W3C Editor's Draft 30 October 2007

This version:: http://www.w3.org/2006/07/Vocab/principles-20071030/
Latest version:: http://www.w3.org/2006/07/Vocab/principles
Previous version:: This is the first published version.
Editors:: Elisa Kendall, Sandpiper Software, Inc.; Vit Novacek, DERI Galway

Metadata element sets, taxonomies, subject headings, thesauri, and ontologies are examples of vocabularies which are increasingly deployed in Semantic Web settings. Managing vocabularies for use by Semantic Web applications means identifying, documenting, and publishing vocabulary terms in ways that facilitate their citation and re-use in a wide range of applications. This document articulates some basic principles of good practice for managing an RDF vocabulary. Following these principles makes an RDF vocabulary "usable": new users can learn quickly how to use the vocabulary, and a relationship of trust is built between the user community and the vocabulary developers/maintainers. This promotes growth of a user community, which generates more feedback for the developers/maintainers, leading to further improvements in quality and usability.
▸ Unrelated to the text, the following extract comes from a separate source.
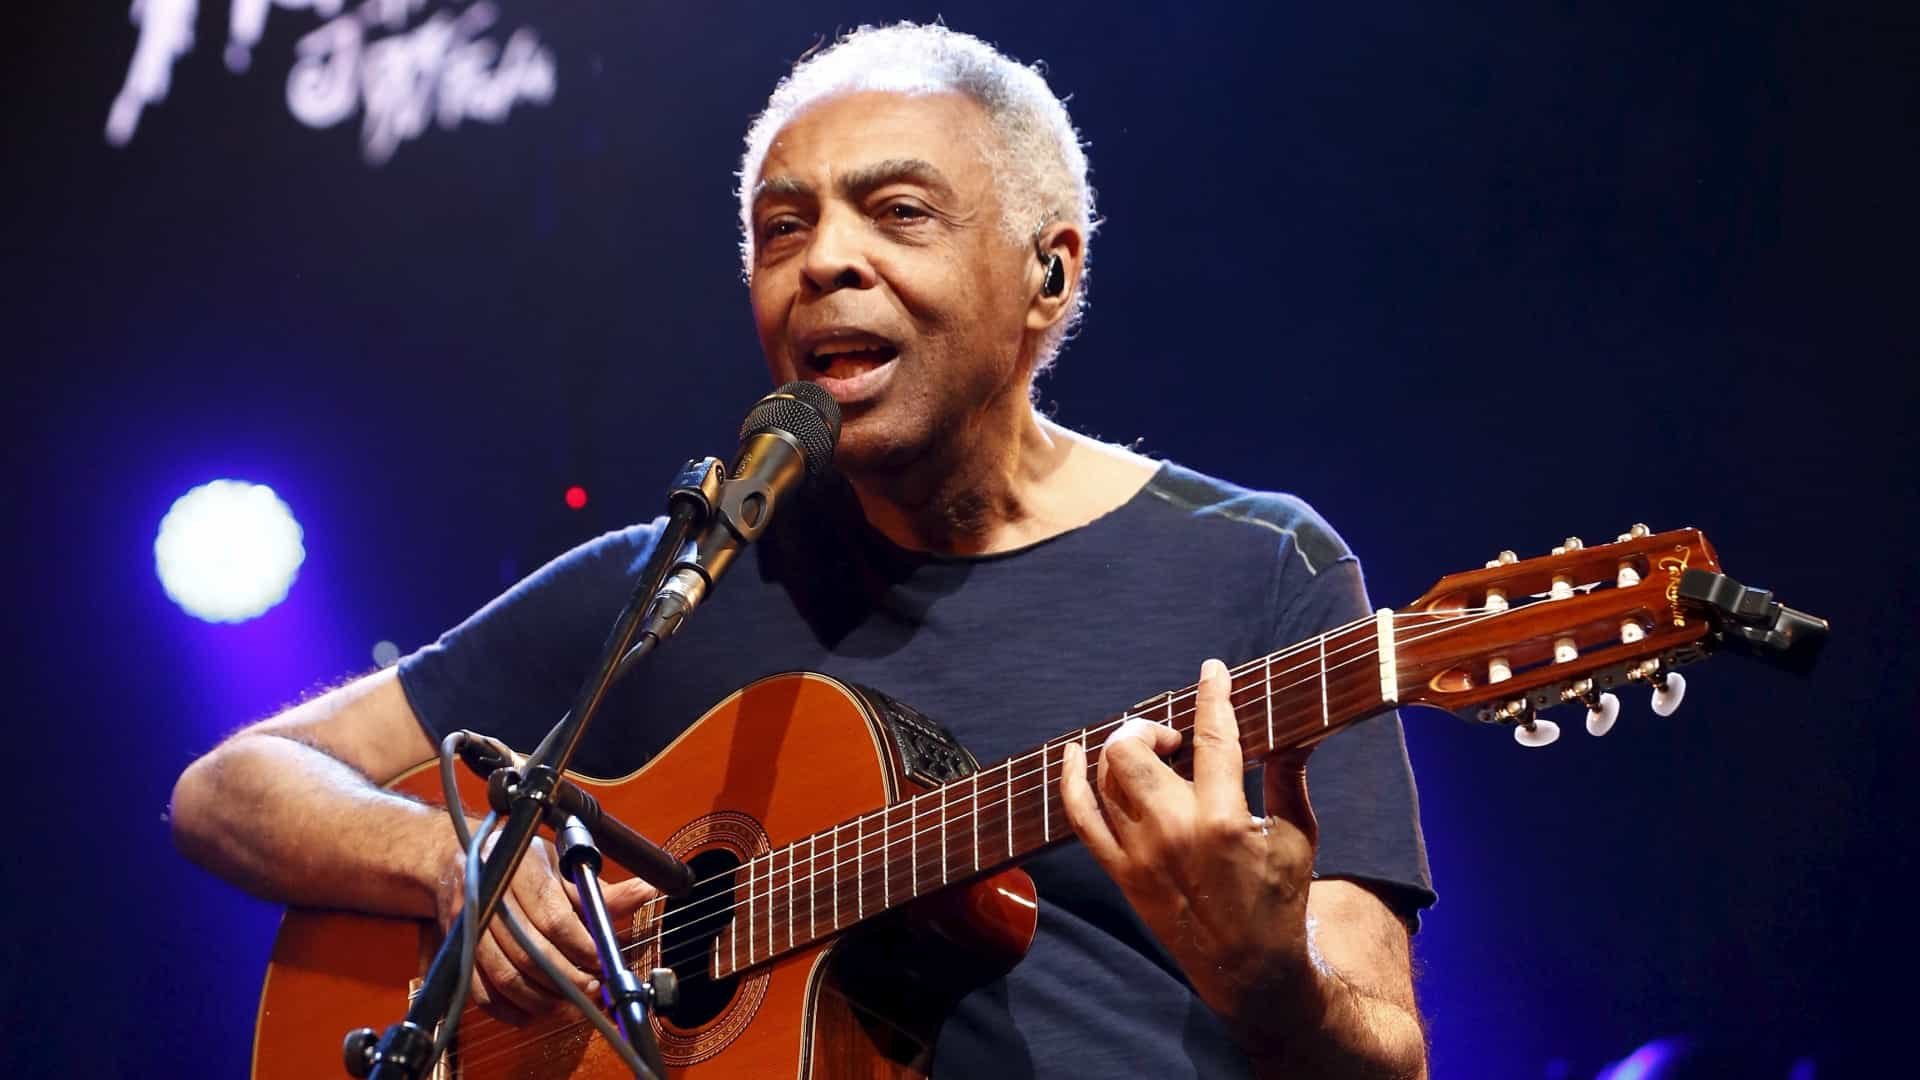 26 de junho: aniversário de Gilberto Gil

This document focuses primarily on those principles of good practice where a clear recommendation can be made. Other related issues remain research topics, and therefore are outside the scope of this document. Further, there are a number of ways to address most, if not all, of the topics highlighted below. While this document does not attempt to provide an exhaustive survey of those methodologies/approaches, it is intended to provide pointers to approaches that have worked well for seasoned practitioners.

Status of this Document

This section describes the status of this document at the time of its publication. Other documents may supersede this document. A list of current W3C publications and the latest revision of this technical report can be found in the W3C technical reports index at http://www.w3.org/TR/.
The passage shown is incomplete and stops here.